Around here ponies are considered children's toys, pasture mates, or the butt of jokes. They are either a stepping stone for young equestrians, or a companion animal for a "real" horse. Company that eats less hay while keeping the Warmbloods, Thoroughbreds, and Arabians less bored. Few people (if any) around Washington County employ regular-sized ponies for logging and cart work. They either use ATVs, garden tractors, or some other form of motorized tool for small jobs. If they are into working horses they use Drafts or Standardbreds. That's the MO for most farmers and ponies around here. But I am not most farmers, and Jasper is definitely not like most ponies.
 
When I was looking into getting my first horse, I wanted an animal at my own eye level. I rode 16+ hand mares at my riding lessons (which have since stopped since I went from 5 days of office work a week to 4), but I only felt comfortable because of the amount of education of the mares and the amount of professionals around me. It also eased the mind to know we were in a locked arena, so even a mad dash could only last a hundred yards. But on a farm, out on my 6.5 acres of land and the thousands of acres of not-my land around us on the mountain...I didn't want a 16 hand horse bolting into the woods dragging a plow. I wanted something I could control with my own hands in a pinch. Something larger than a Shetland but smaller than a Haflinger. A Pony, sure, but an animal I could still jump on the back of for a ride to the back pasture to check on the flock. A horse calm enough to learn with, strong enough to be of use, and patient enough to put up with me, a greenhorn like me. I wanted the animal more educated in driving than I was, and willing to take me on as his student.

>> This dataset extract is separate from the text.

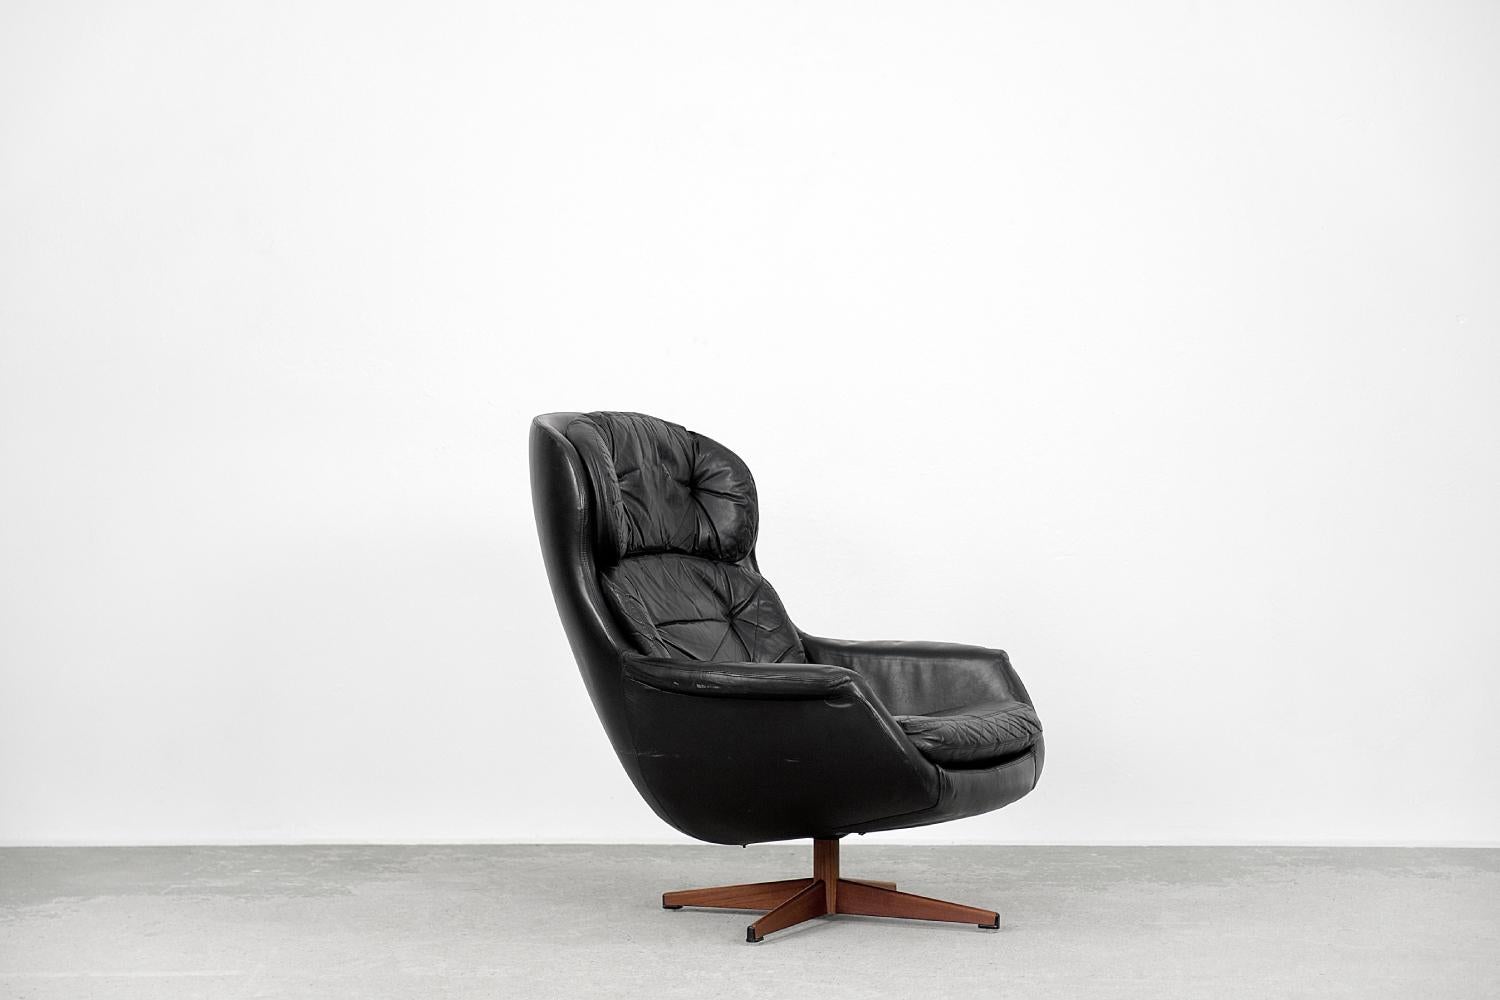 This modernist swivel armchair was manufactured by Selig Imperial in Sweden during the 1970s. The armchair is made of black natural leather. The base is a chrome star-shaped base covered with brown veneer. The back cushions are loosely attached with
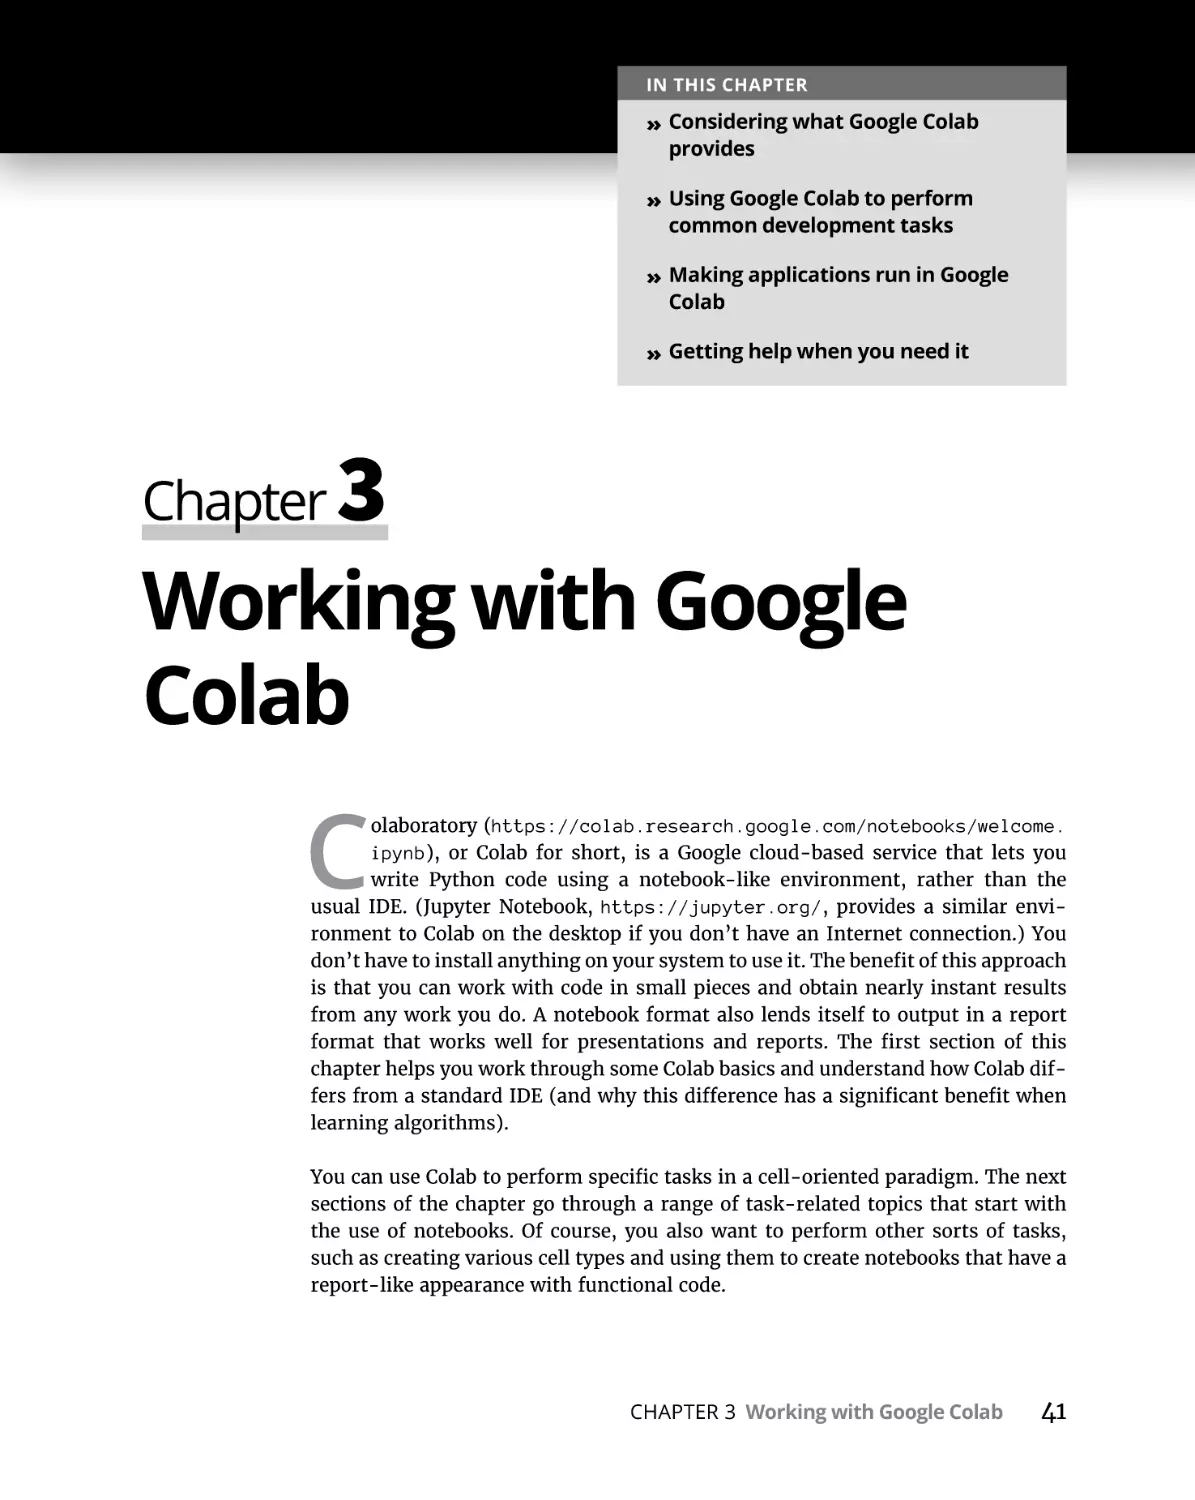 Chapter 3 Working with Google Colab

I also wanted a gelding. Boys make sense when it comes to working animals. I wanted Gibson to be a male before he was born, and I wanted my horse to be a male as well. At the office, I have two girl friends and one of them took 3 years to shore up. I am comfortable around all the men. My closest friends are all guys. Not sure that is sound horsemanship, but I went with my gut.


 When I first met Jasper he was thin, ratty, and had not seen a brush or bath in months. The night before I met him, he was removed from his herd and stuck in a 2-horse trailer alone. In the morning, in a rain storm, he got freaked out when the trader tried to open the back hatch so he leaped out the side window. BOOM, just gone. "Well, the auction flyer said he was "spirited"..." the seller smiled, knowing this was not looking good for his bank account. Jasper trotted over to some grass near his pasture mates and without a second thought, I just walked up to him. He watched me, and let me grab his halter. I lead him back to the trailer where the Trader was getting him tacked up for a demonstration. It was starting to really rain now, and Jasper's eyes got white with stress. I didn't know enough about horses to offer to come back later, and the trader must have needed the money to ask his son to hop on board. I watched him walk off with his small passenger.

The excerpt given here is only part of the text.